Serco has been paid billions of pounds to run public services in recent years, with its work ranging across prisons, immigration detention centres and speed cameras. In January 2019, for instance, it was announced that Serco had won the largest ever private sector contract from the Government – worth a whopping £1.9 billion – to manage more than 5,000 properties housing asylum seekers.
The company’s CEO is Rupert Soames, the Eton-educated grandson of Sir Winston Churchill and brother of former Conservative MP Sir Nicholas Soames.
Criticism of this outsourcing agenda has intensified during the COVID-19 crisis. As the spending watchdog, the National Audit Office, reported earlier this week, in the months up to August, the Government awarded £18 billion in private sector contracts – £10.5 billion of deals awarded without competition. Roughly £1.5 billion of these contracts were awarded before the Government’s due diligence procedures were established – the NAO found – while basic conflicts of interest were seemingly ignored.

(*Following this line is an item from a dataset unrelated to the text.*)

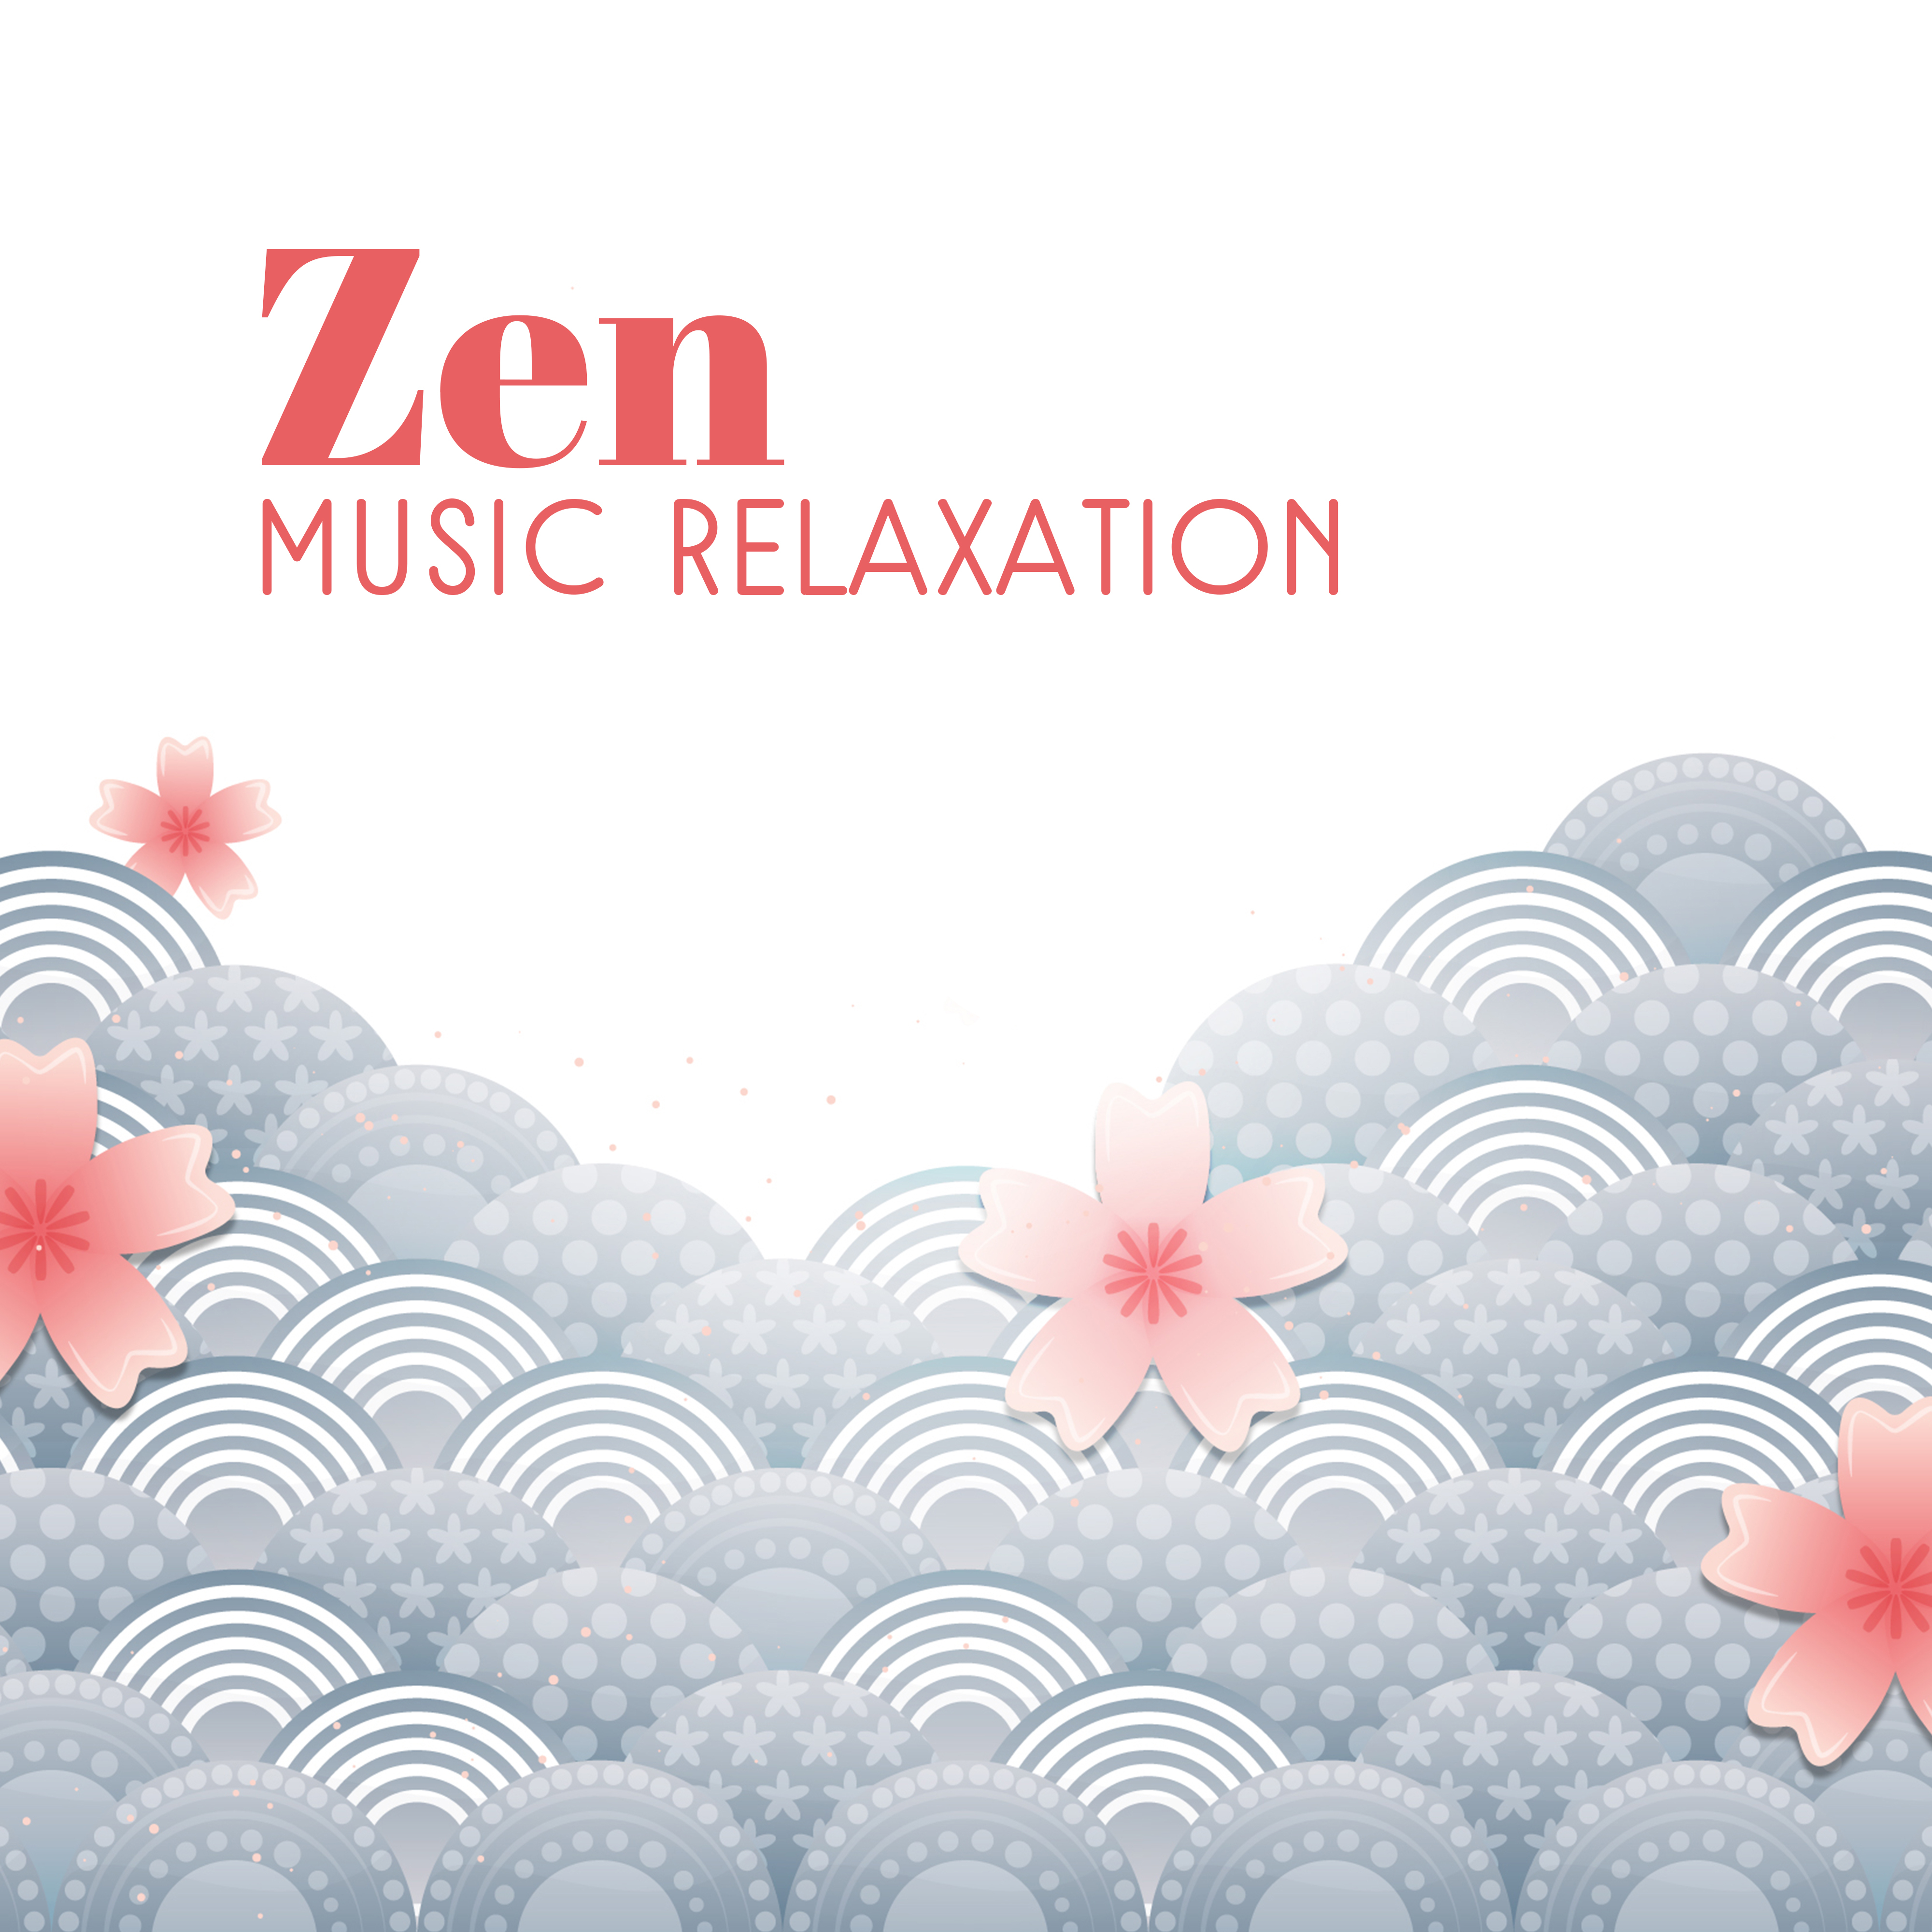 Zen Music Relaxation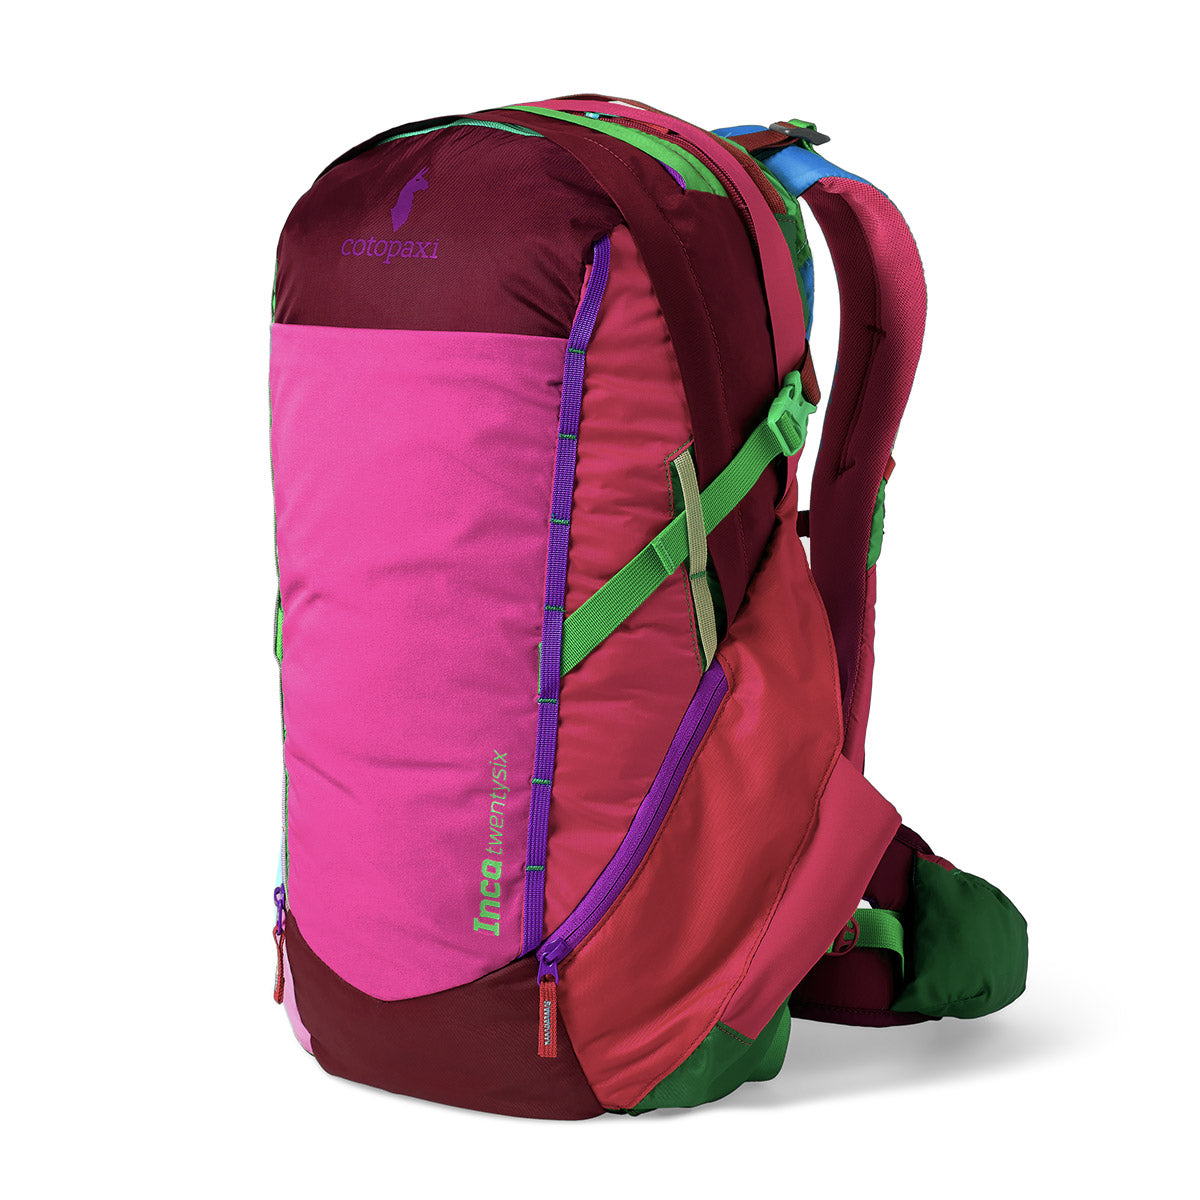 Inca 26L backpack - Del Día

This has led to a fierce debate over the role of private sector companies in Government work, and whether public services should be run by corporate giants with little accountability to taxpayers.
The irony will not be lost on many that one of these companies, criticised for its role in managing the pandemic, may now win millions or even billions in Government work to deal with its consequences.
“We have been dealing with an unprecedented global pandemic and have rightly called on expertise from across the public and private sector to meet this challenge,” a Government spokesperson said. “We have robust processes in place for spending public money and departments always seek to achieve value for money for the taxpayer.”